### What to do:
Return the lines of the data below, from the one containing "ny Euro-Jabelmann 3" through the very last, exactly and with both ends included; no pictures.

### Data extract:
::::::::
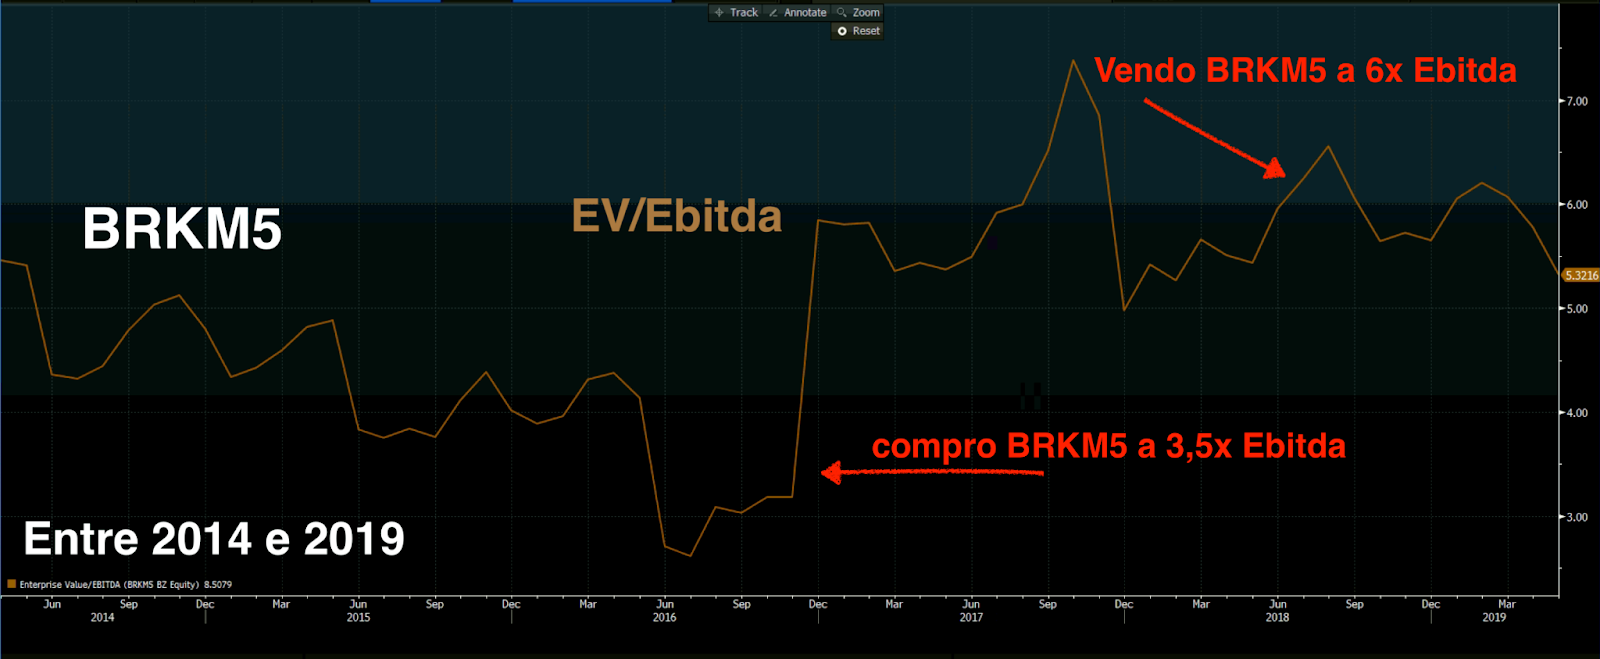 EV/Ebitda de BRKM5 (Fonte: Bloomberg)
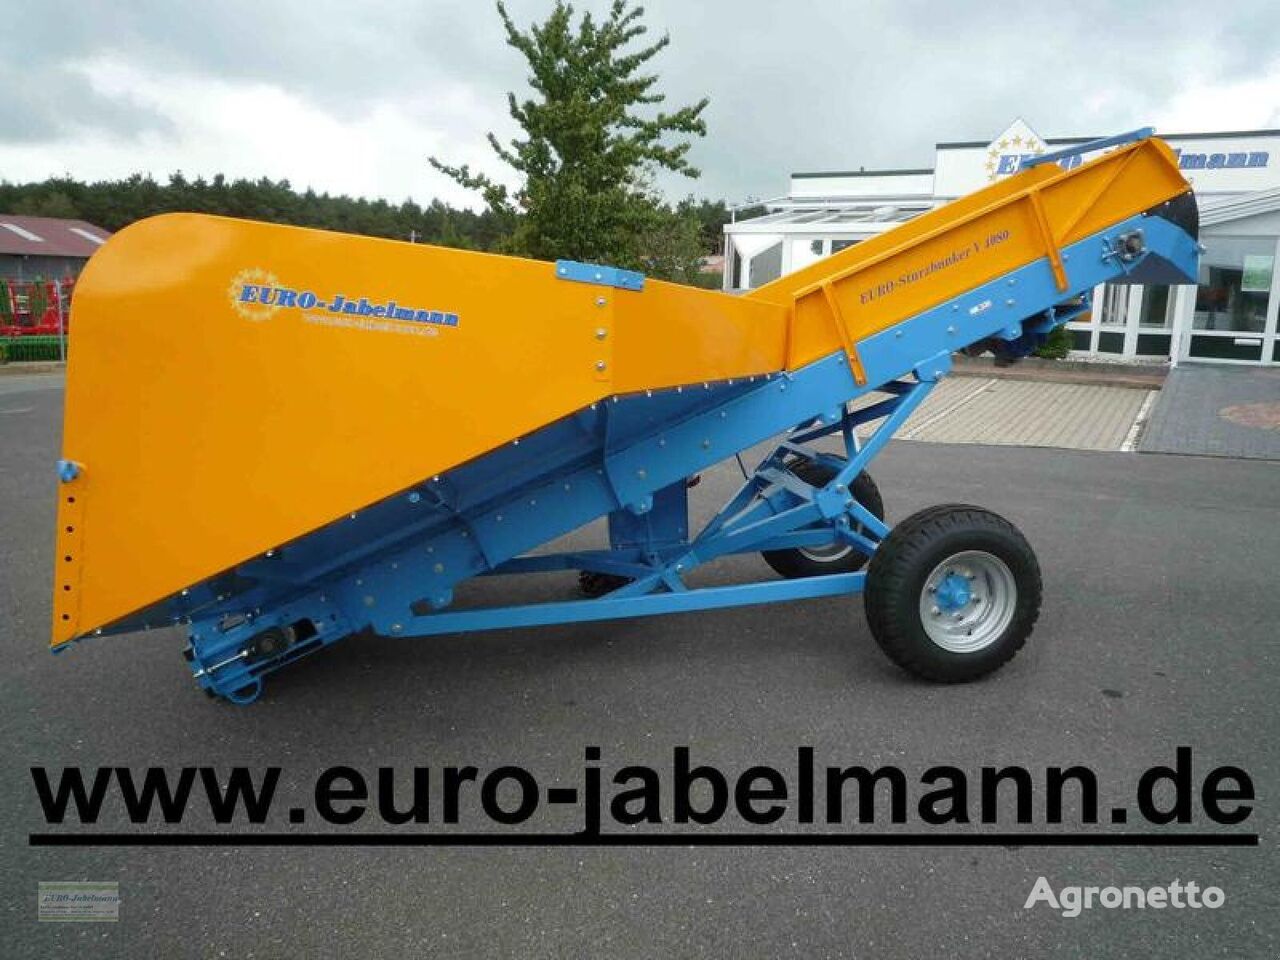 ny Euro-Jabelmann 3 Modelle, eigene Herstellung (Made in Germany) indlagringstank
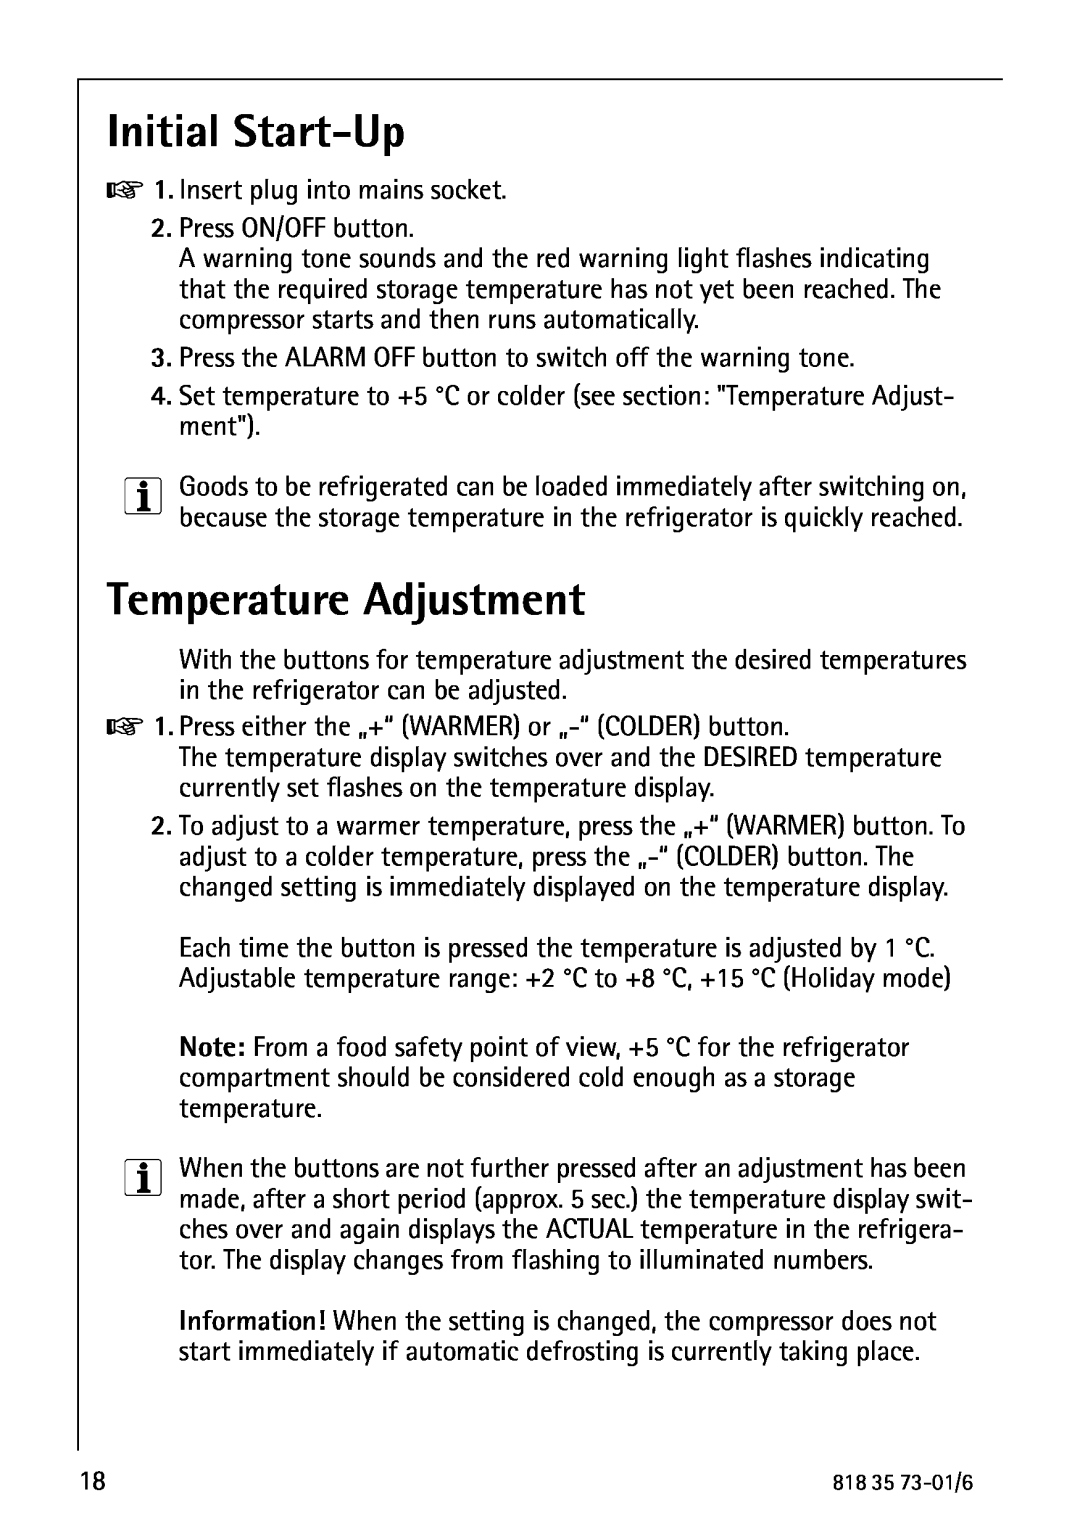 Electrolux SANTO 72340 KA operating instructions Initial Start-Up, Temperature Adjustment
::::::::
### Task output:
 ny Euro-Jabelmann 3 Modelle, eigene Herstellung (Made in Germany) indlagringstank
 Electrolux SANTO 72340 KA operating instructions Initial Start-Up, Temperature Adjustment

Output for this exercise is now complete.